Not surprisingly, most items are about the Novel Coronavirus. The word 'Dashboard' also appears pretty frequently enough.

Write the table to a CSV in your 'files' location

We create a folder defined earlier in the configuration section of this notebook to store a CSV file containing the items table.

# create a folder for these files if it does not exist

if not os.path.exists(out_folder):
    os.makedirs(out_folder)
    print(f'Created output folder at: {out_folder}')
else:
    print(f'Using existing output folder at: {out_folder}')

Using existing output folder at: /arcgis/home/dashboard_counts

# append timestamp to filename to make it unique
output_filename = f"top_dash_items_{start_time.strftime('%m-%d-%y')}_to_{end_time.strftime('%m-%d-%y')}"

# write table to csv
df.to_csv(os.path.join(out_folder, output_filename))
print('Output csv created at : ' + os.path.join(out_folder, output_filename))

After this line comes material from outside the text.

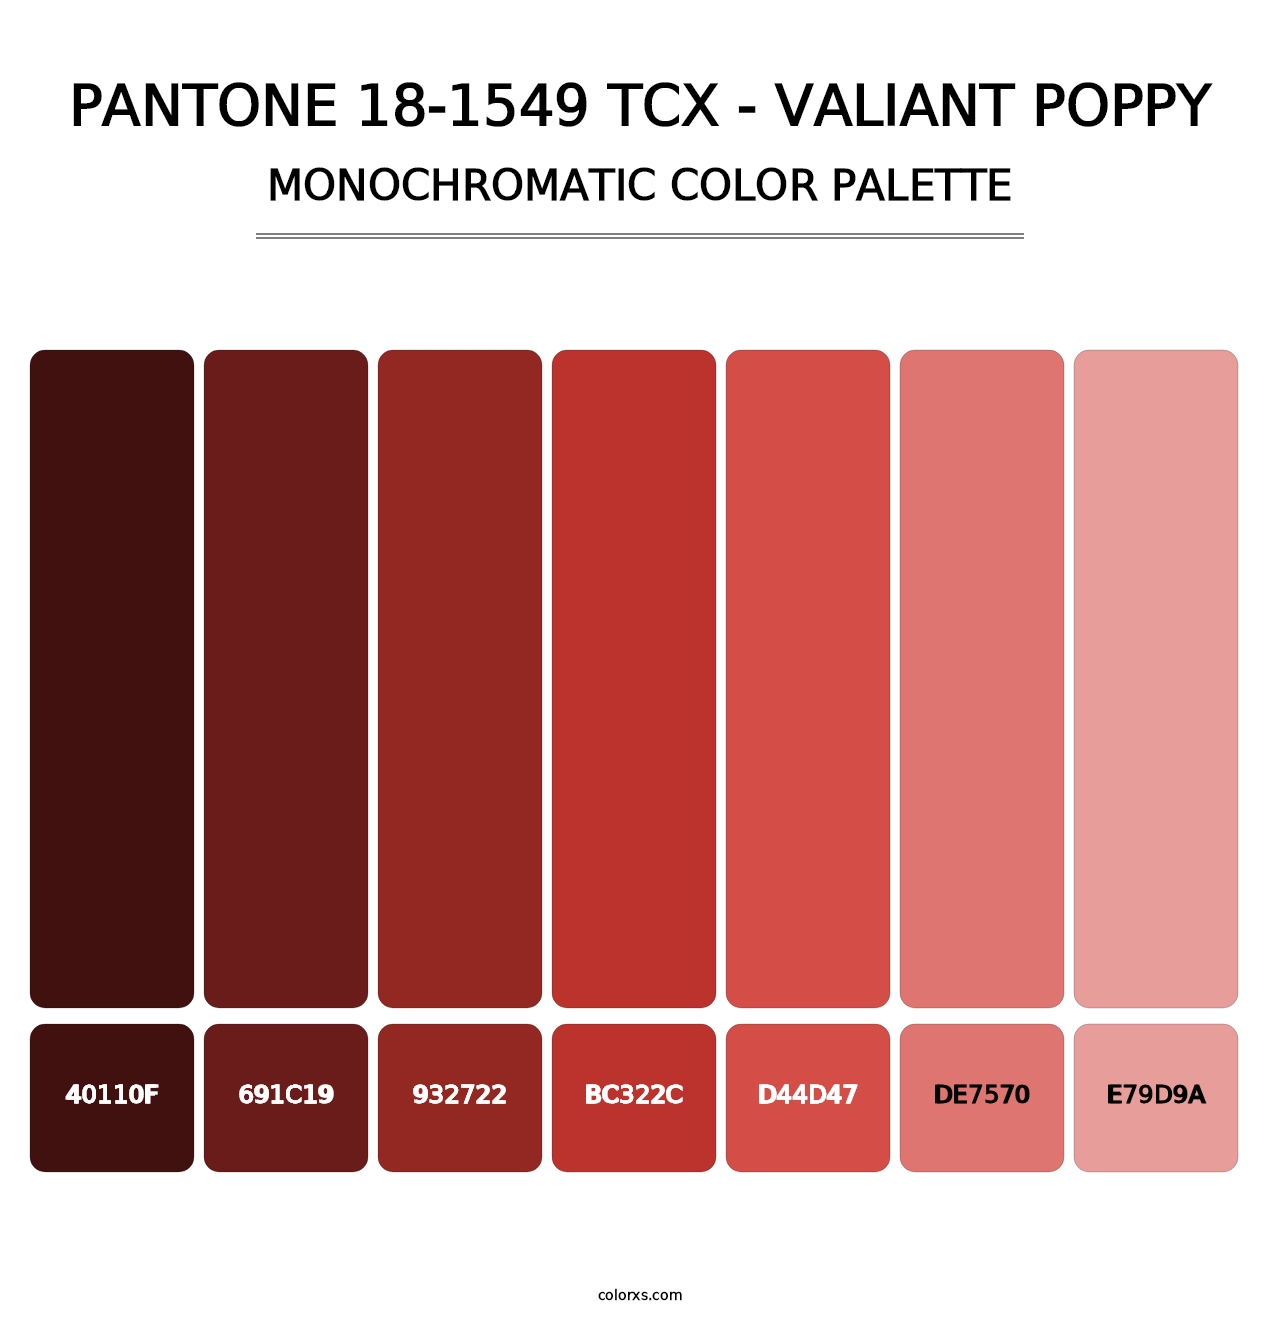 PANTONE 18-1549 TCX - Valiant Poppy - Monochromatic Color Palette

Output csv created at : /arcgis/home/dashboard_counts/top_dash_items_09-25-20_to_10-15-20

Conclusion

This notebook demonstrated how to use the ArcGIS API for Python library to construct a search query and search for items in your org (or outside it). The notebook also demonstrated how to work with timezones, datetime objects and how to explore the meta data of the items collected. The notebook concludes by writing the table as a CSV on disk. If this kind of workflow needs to be repeated at set intervals, you can easily do so by scheduling your notebook to run at set intervals.